Dataset content →
= Beginning of Section =

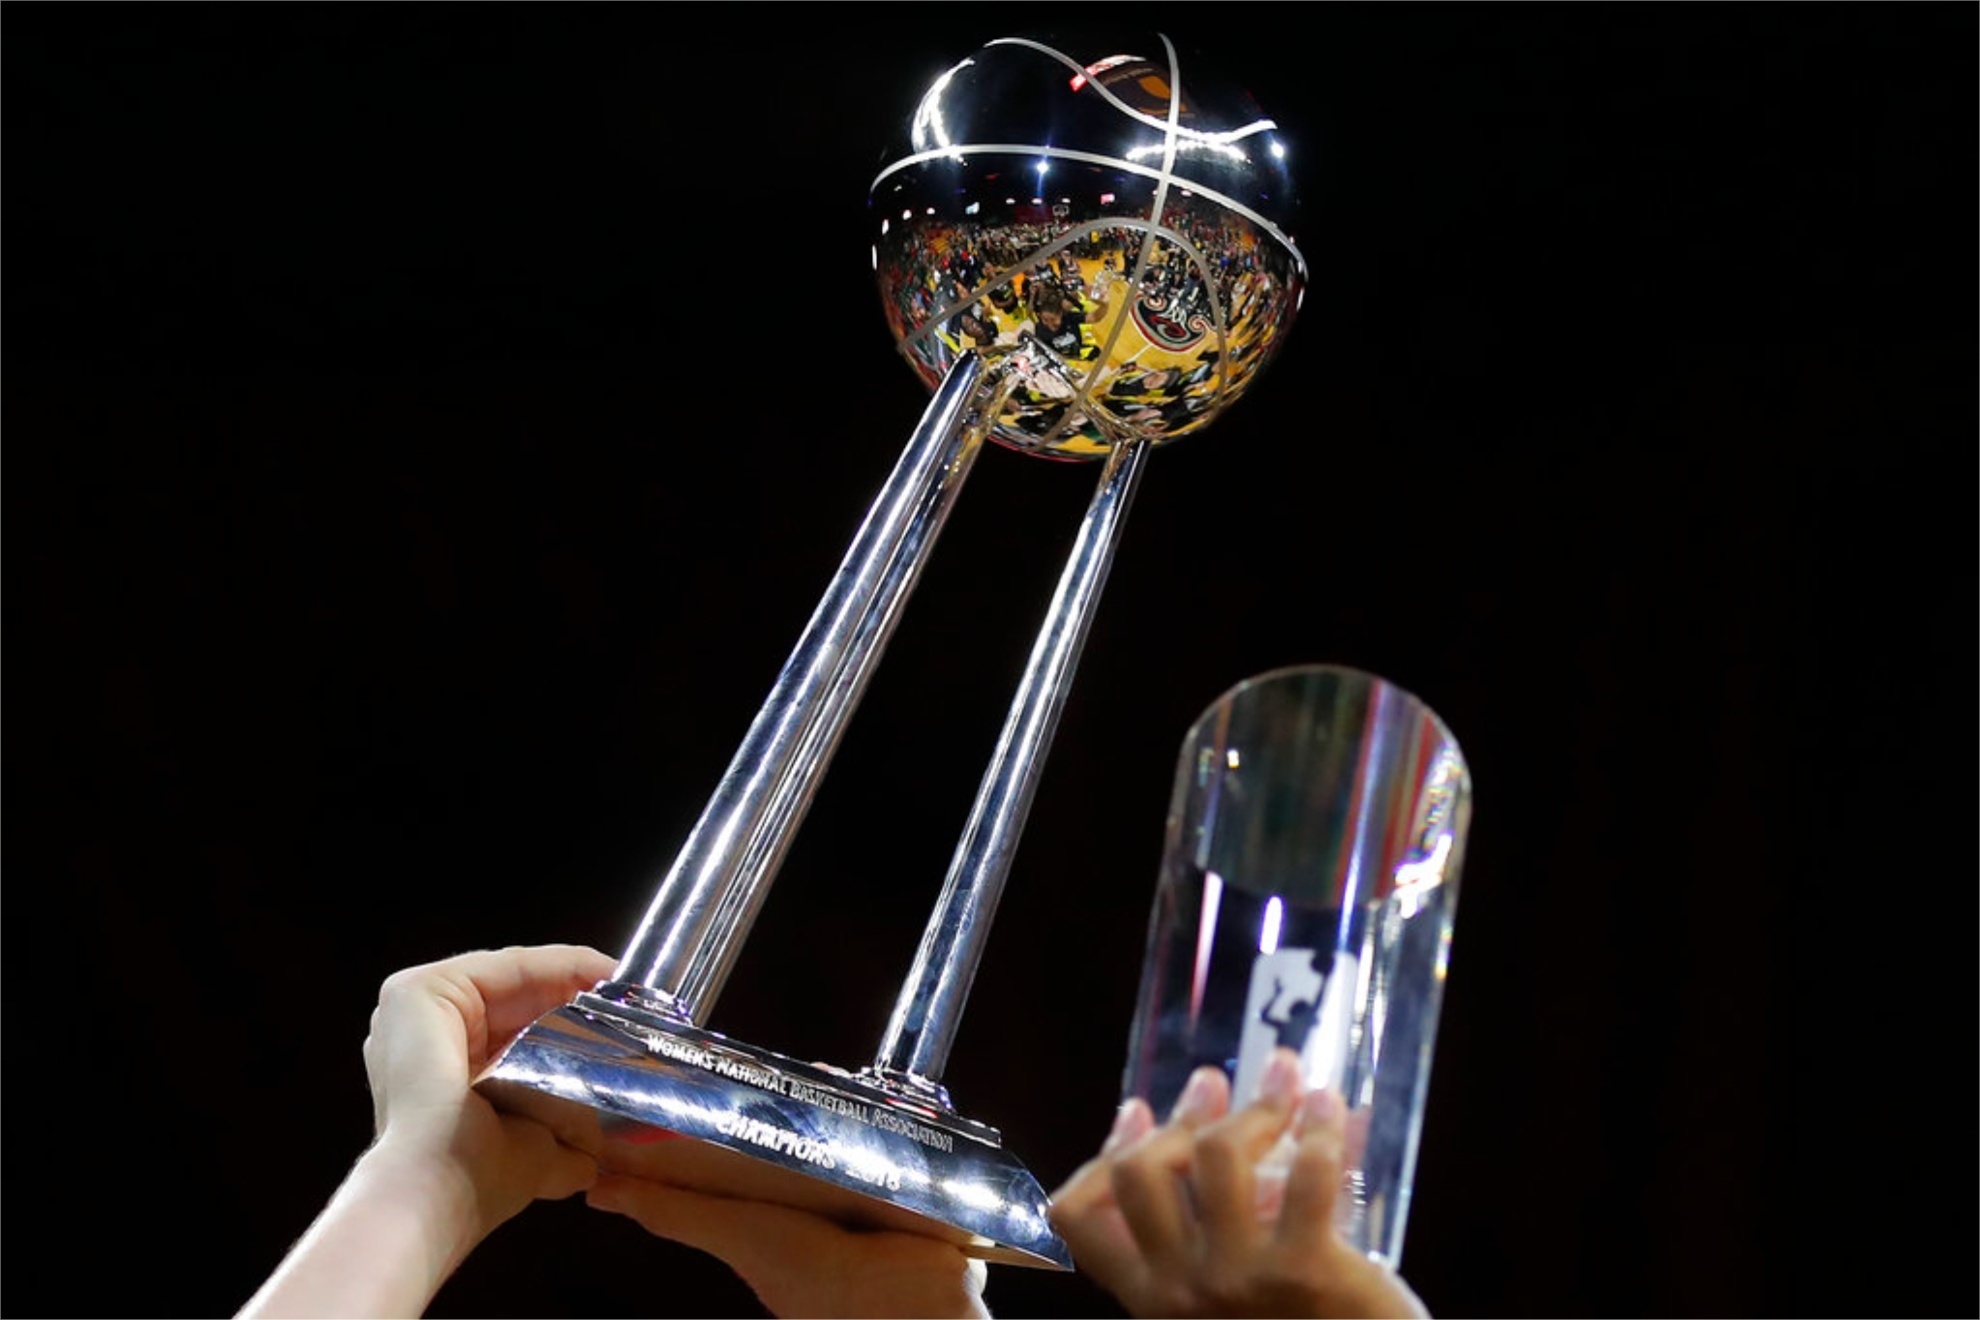 The WNBA winners prize money was negotiated under the current CBA deal in 2020
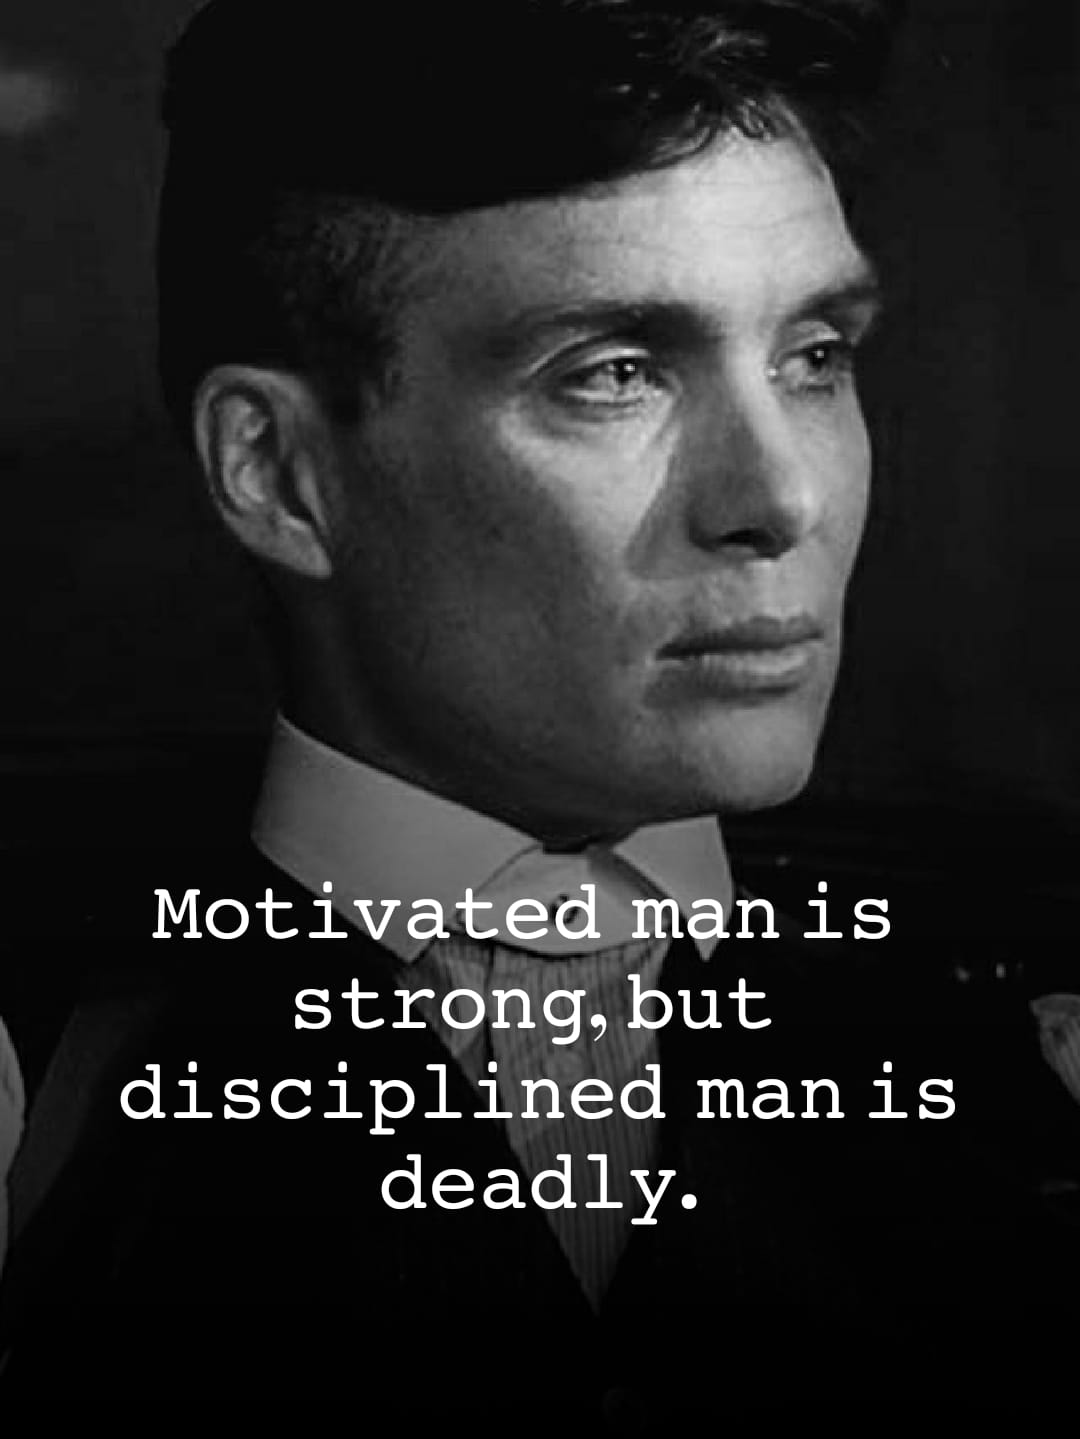 Motivated man is strong. But a disciplined man is deadly.
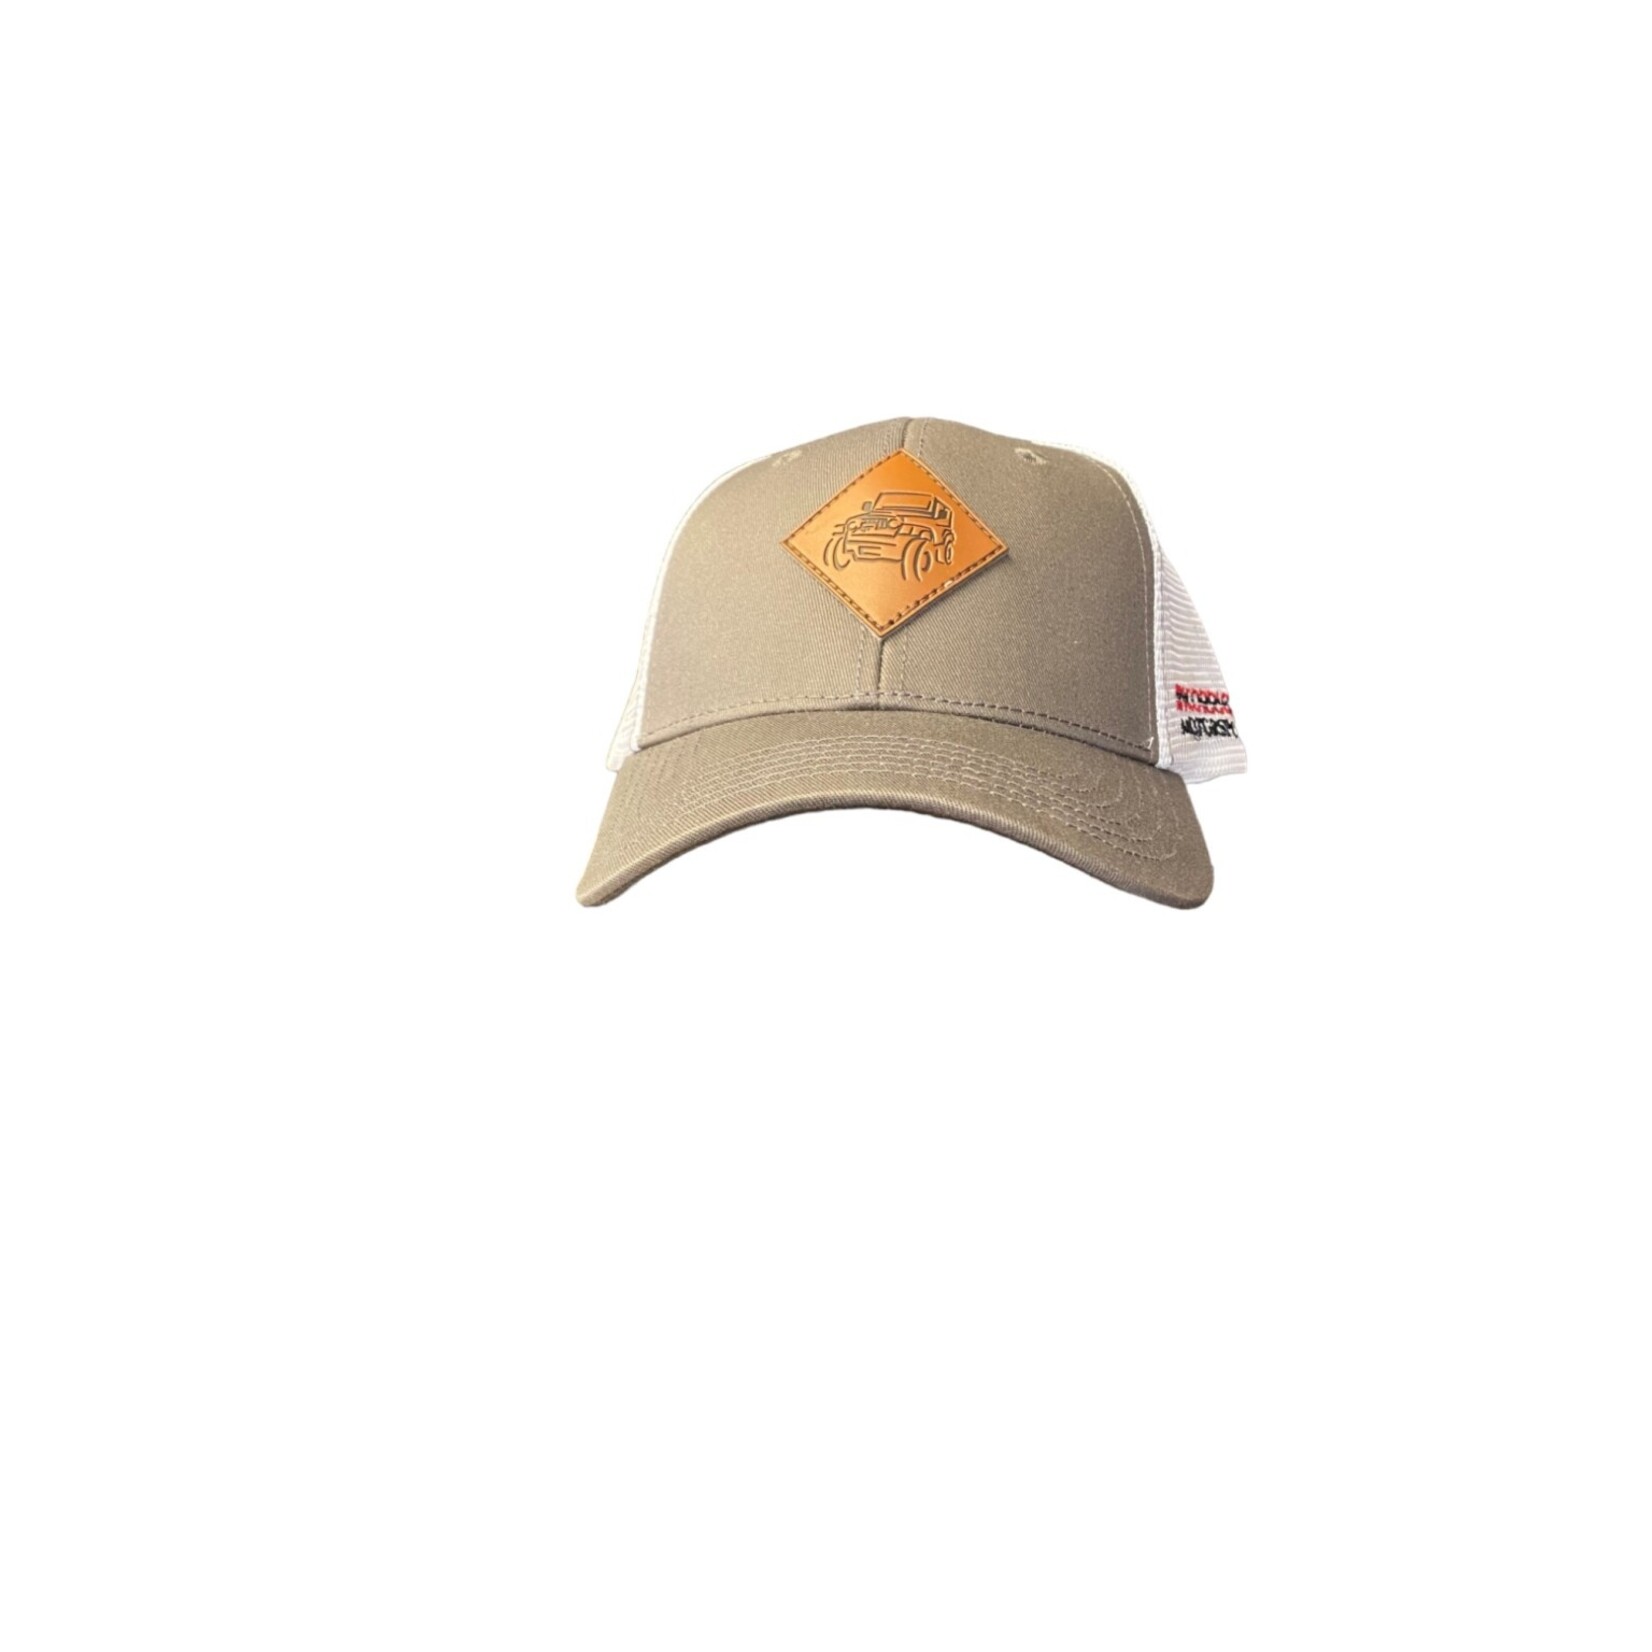 INCORRIGIBLE MOTORSPORTS INCORRIGIBLE OFF-ROAD LEATHER PATCH 6 PANEL STRUCTURED MESH SNAP BACK HAT
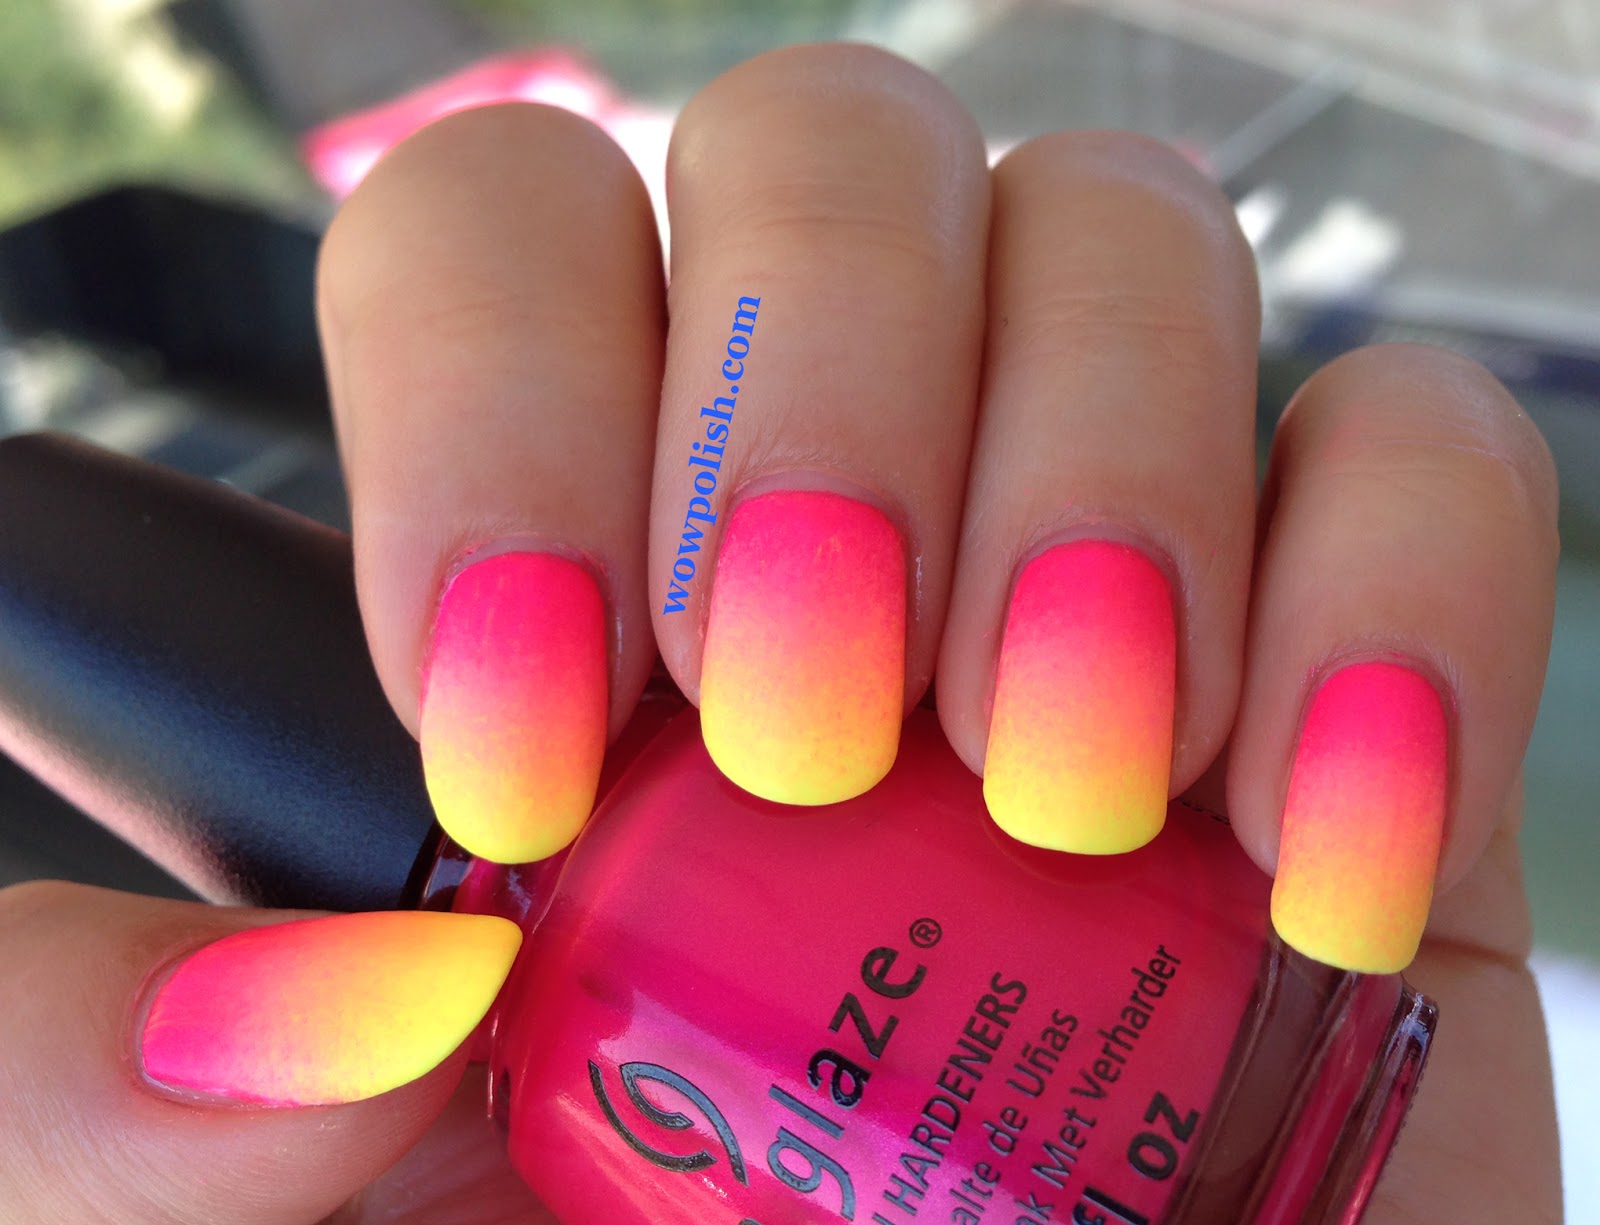 2. Neon Yellow and Black Prom Nail Design - wide 4

= End of Section =

Assignment → Retype the data exactly as it stands, but keep the images out of your copy.

Answer box →
 The WNBA winners prize money was negotiated under the current CBA deal in 2020
 Motivated man is strong. But a disciplined man is deadly.
 INCORRIGIBLE MOTORSPORTS INCORRIGIBLE OFF-ROAD LEATHER PATCH 6 PANEL STRUCTURED MESH SNAP BACK HAT
 2. Neon Yellow and Black Prom Nail Design - wide 4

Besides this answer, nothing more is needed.